4. Dedicated tools and SEO suites
A whole category of AI-visibility tools has emerged to automate the prompt-testing loop: they run predefined prompts daily or weekly across multiple engines and chart mentions, citations, sentiment, and competitive share over time. Otterly, Profound, Frase, and others compete here, with coverage typically spanning ChatGPT, Perplexity, Gemini, Google AI Overviews and AI Mode, and Copilot.
The established SEO suites have moved in too. Semrush added AI visibility features that track brand presence across ChatGPT, Google AI Mode, and Perplexity with share-of-voice analysis, and Ahrefs released Brand Radar to monitor brand mentions across AI engines. Pricing and exact engine coverage change frequently—as of early 2026 both Semrush's enterprise AI tier and Ahrefs' Brand Radar add-on were quoted around the $199/month mark—so confirm current capabilities and cost directly rather than trusting any figure in print.

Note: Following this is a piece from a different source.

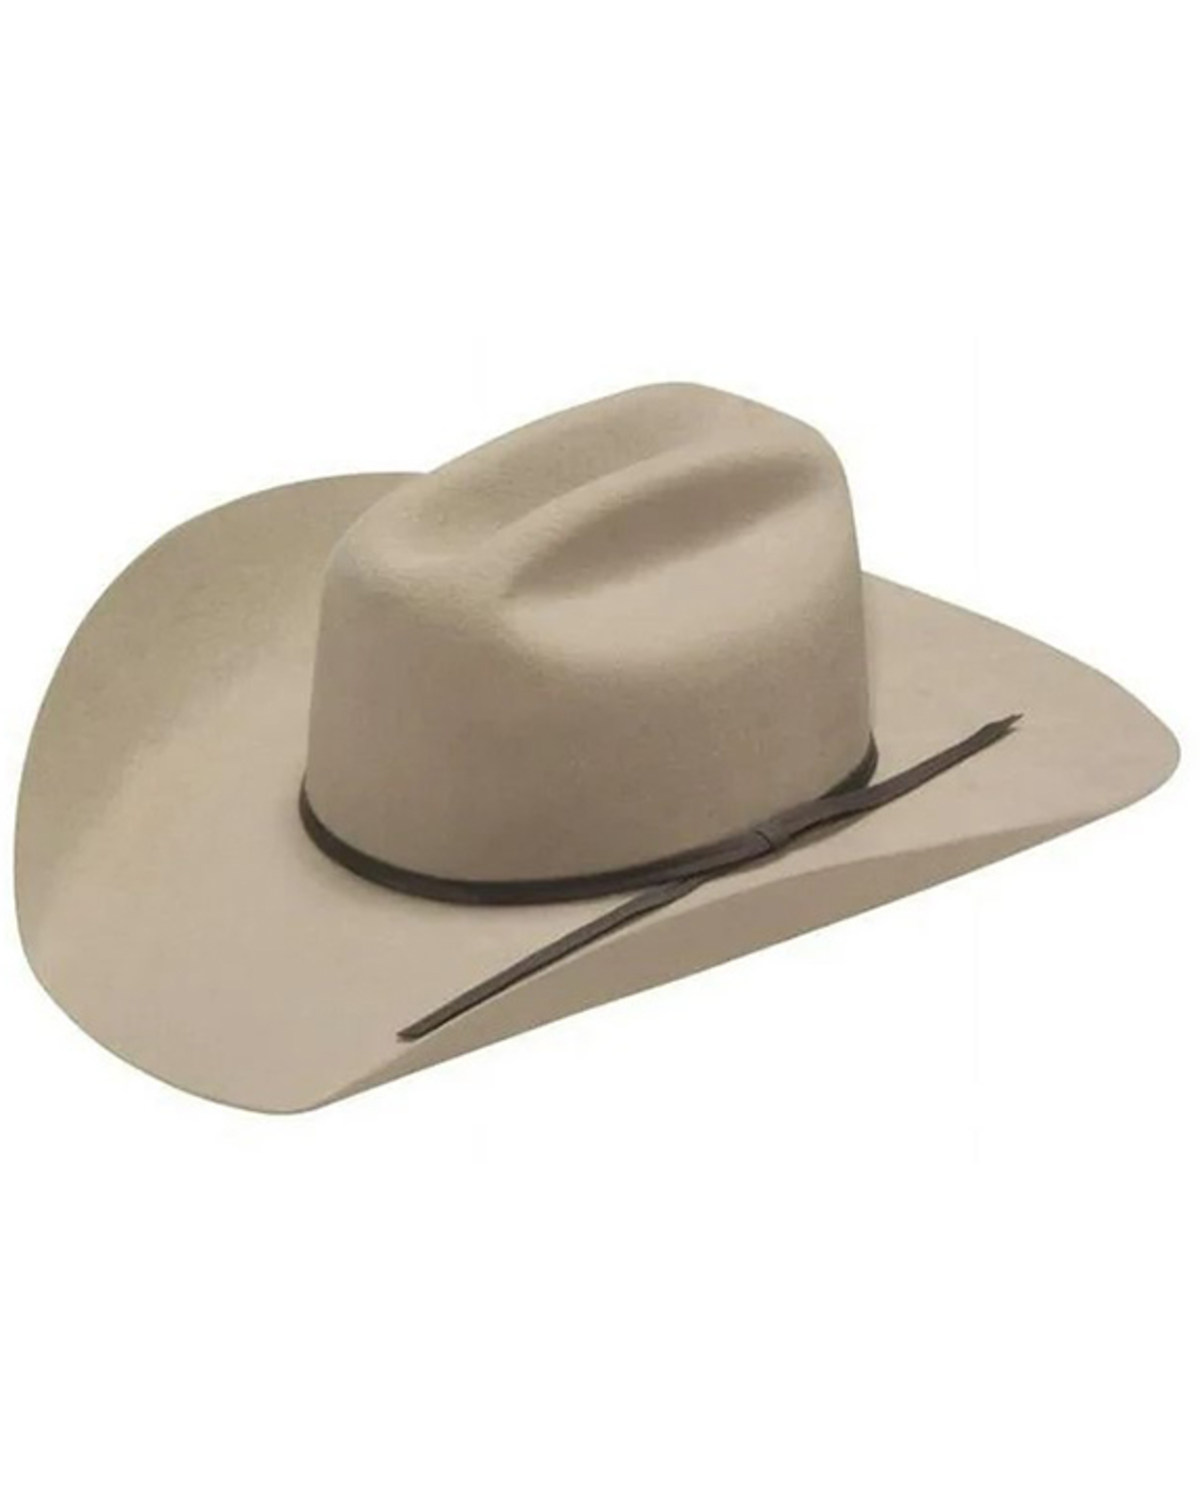 M & F Western Kids' Twister Felt Cowboy Hat

Our reviews of Semrush, Ahrefs, and SE Ranking track how each is layering AI tracking onto its core toolset.
| Method | What it measures | Best for | Main limitation |
|---|---|---|---|
| Manual prompt testing | Mentions and citations on specific queries | Getting started, spot checks | Slow; snapshots, not trends |
| Scripted prompt testing | Mention rate across many samples and locations | Teams wanting trend lines without paid tools | Engineering effort and upkeep |
| Search Console gen-AI reports | First-party impressions in Google AI surfaces | Anyone tracking Google specifically | Google only; click data still limited |
| Brand-mention monitoring | Unlinked mentions and brand-search lift | Perception and demand signals | Harder to attribute precisely |
| Dedicated tools / SEO suites | Multi-engine citation, share of voice, sentiment | Ongoing, competitive monitoring at scale | Cost; capabilities still maturing |
The metrics that actually matter
Whatever method you choose, a few metrics carry real signal:
- Citation frequency. Across your tracked prompts and repeated samples, how often are you mentioned or cited at all? Because answers vary, express this as a rate—cited in 6 of 10 runs—rather than a yes or no.

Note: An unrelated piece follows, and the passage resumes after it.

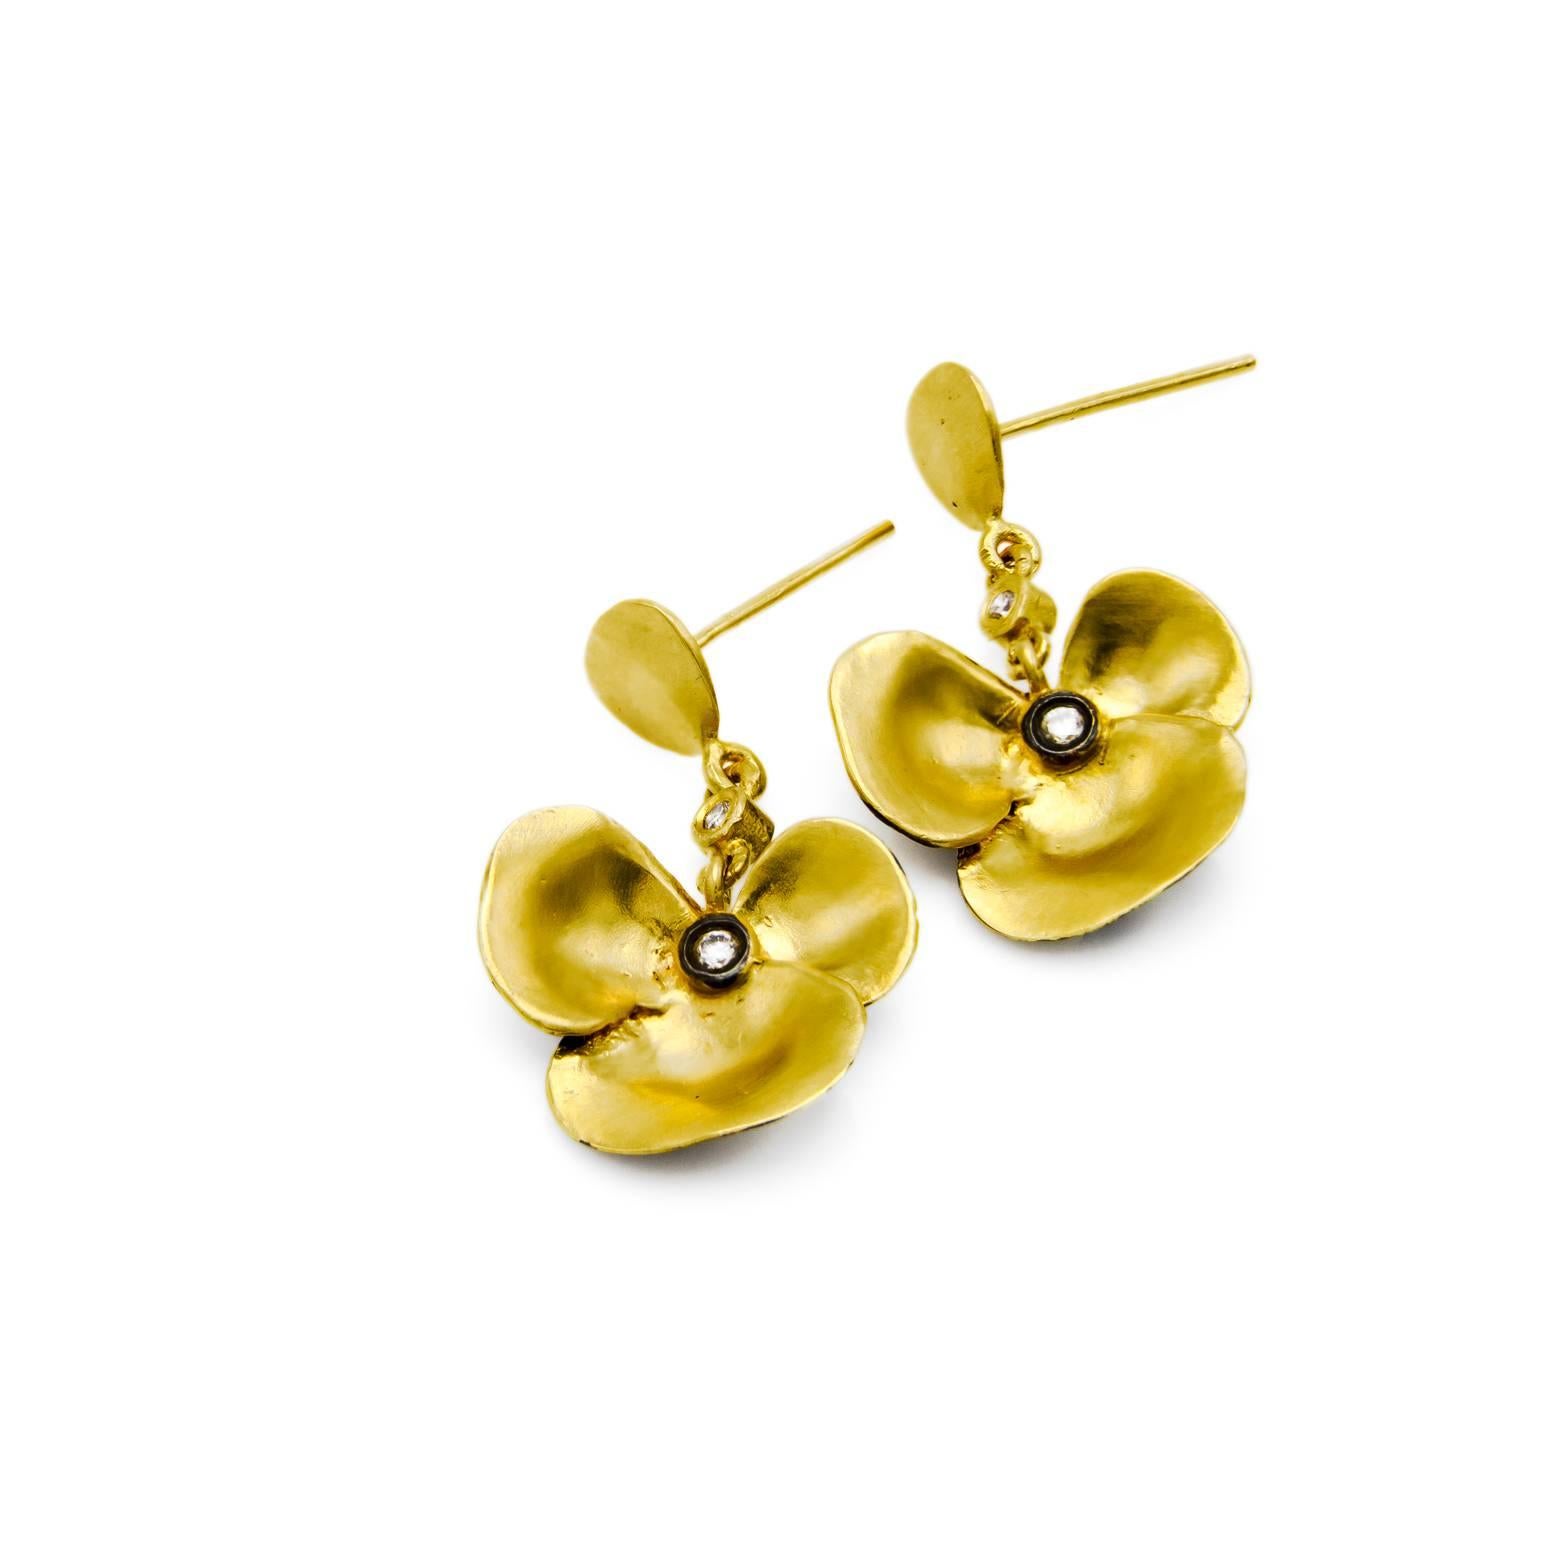 Modern Gold Vermeil Satin Finish Flower Design Post Back Earrings with 4 Diamonds.

- Share of voice. When your topic comes up, how often does the answer name you versus your competitors? This is becoming the headline KPI for AI search, the rough equivalent of rank share in classic SEO.
- Sentiment. Being mentioned is not always good. Track whether the framing around your brand is positive, neutral, or critical, since AI answers summarize and editorialize in ways a ranked link never did.

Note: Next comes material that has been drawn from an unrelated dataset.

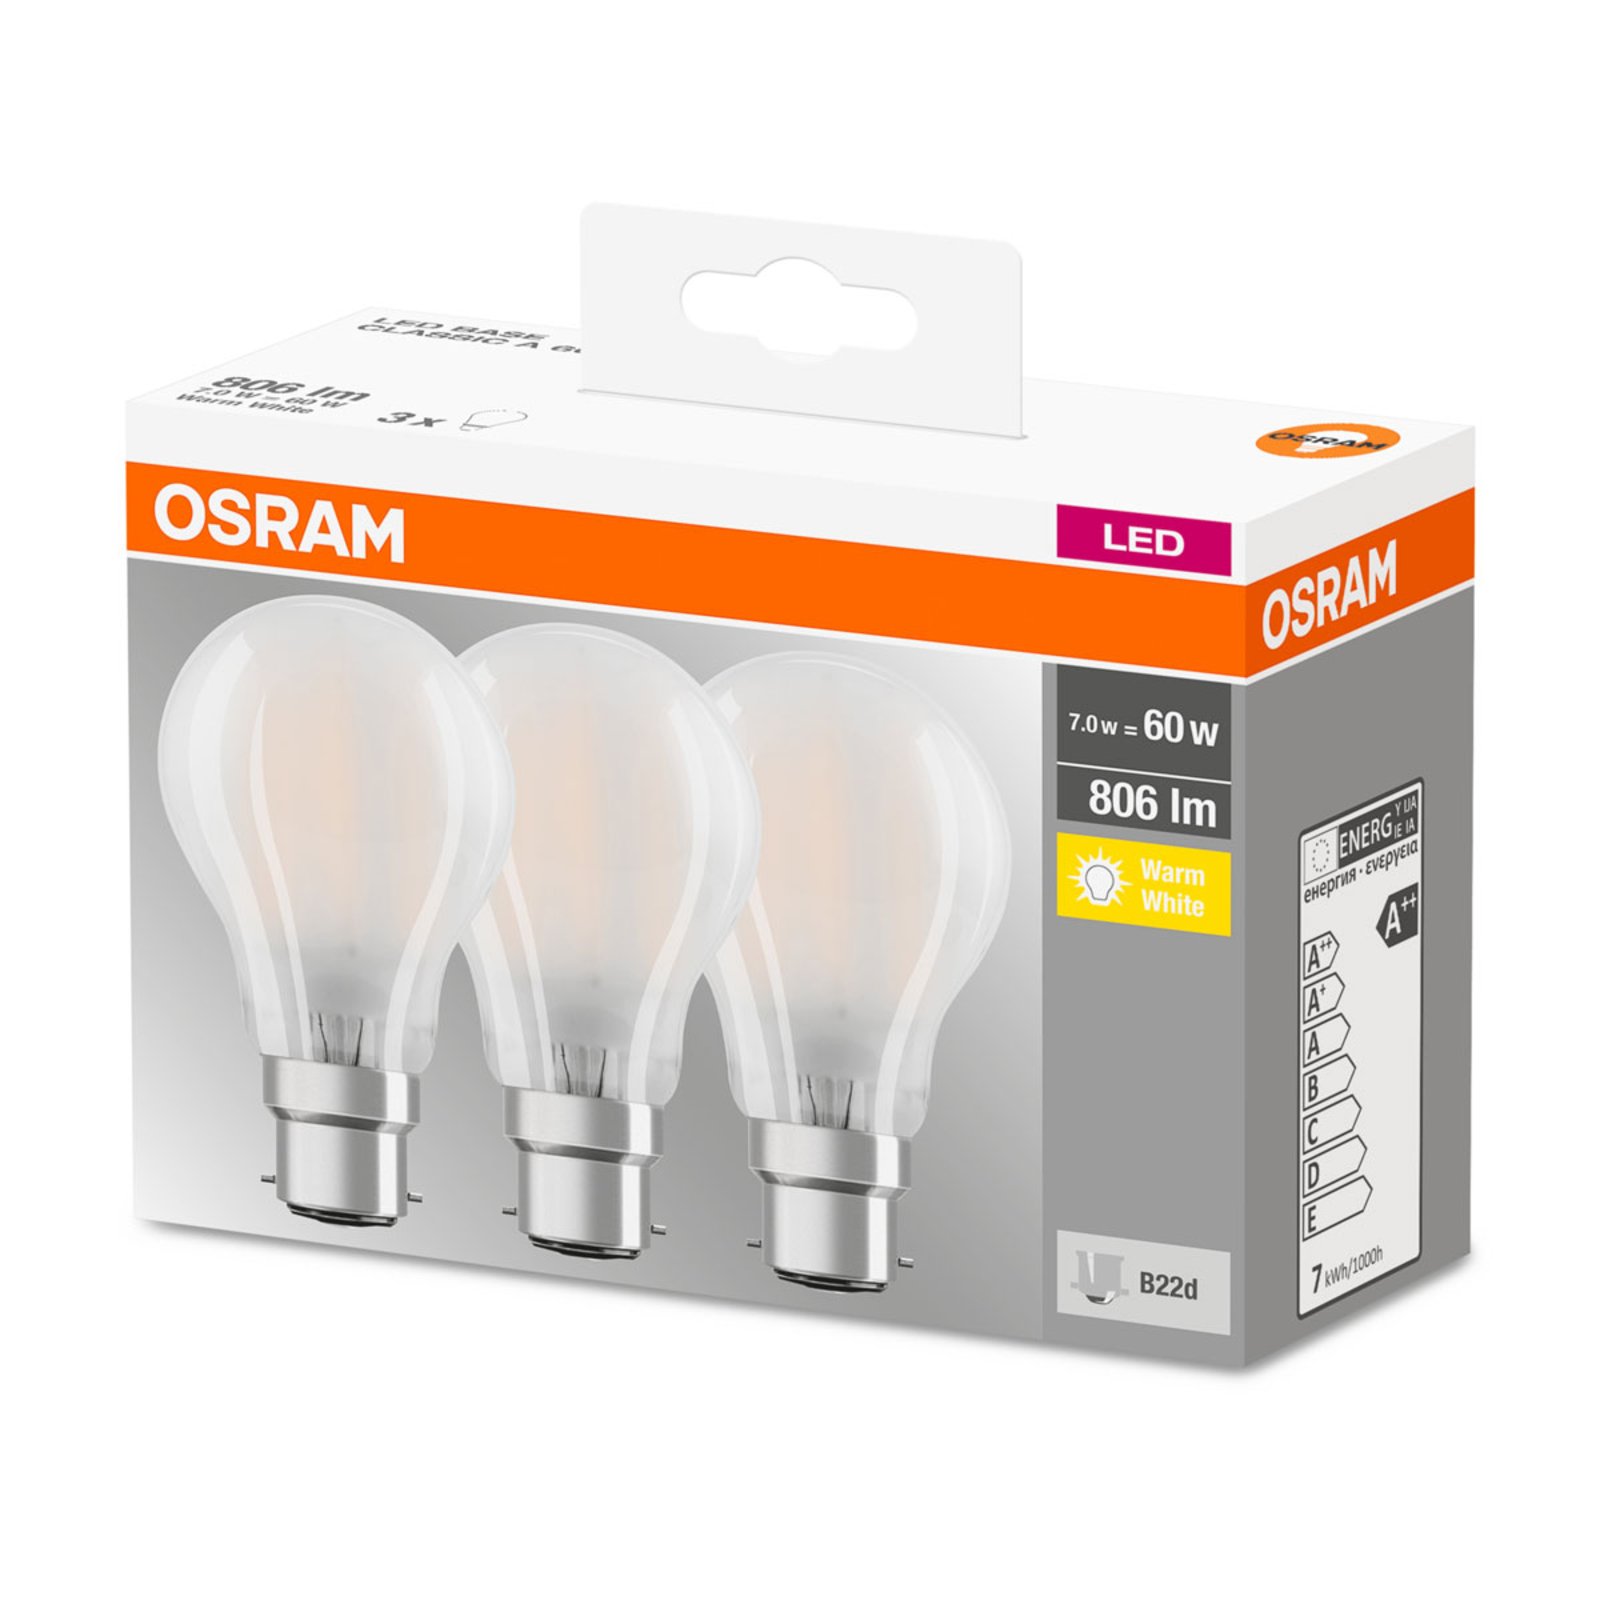 OSRAM LED lámpa B22d Classic 827 6,5W 3db-os matt

- Source-URL inclusion. Which of your specific pages get pulled as citations? This tells you what to strengthen and what to create.
A realistic starting point
You do not need an enterprise platform to begin. Pick a dozen prompts that matter to your business, run them across the major engines a few times each from a clean session, and log mentions, citations, order, and sentiment in a simple spreadsheet. Layer in Search Console's gen-AI report for Google data you can trust. Once you understand your baseline and want to track it continuously and against competitors, evaluate a dedicated tool or an SEO suite's AI module—and verify its current engine coverage and pricing yourself, because this market is changing fast.
Be honest with yourself and your stakeholders about the limits. This tooling is young, the engines are evolving monthly, and no method gives the clean, single number that rank tracking once did. The goal is direction and confidence over time, not false precision. Measuring visibility is only half the work; turning those readings into placement is the subject of our guides on getting cited in ChatGPT and Perplexity and the broader AI search optimization hub.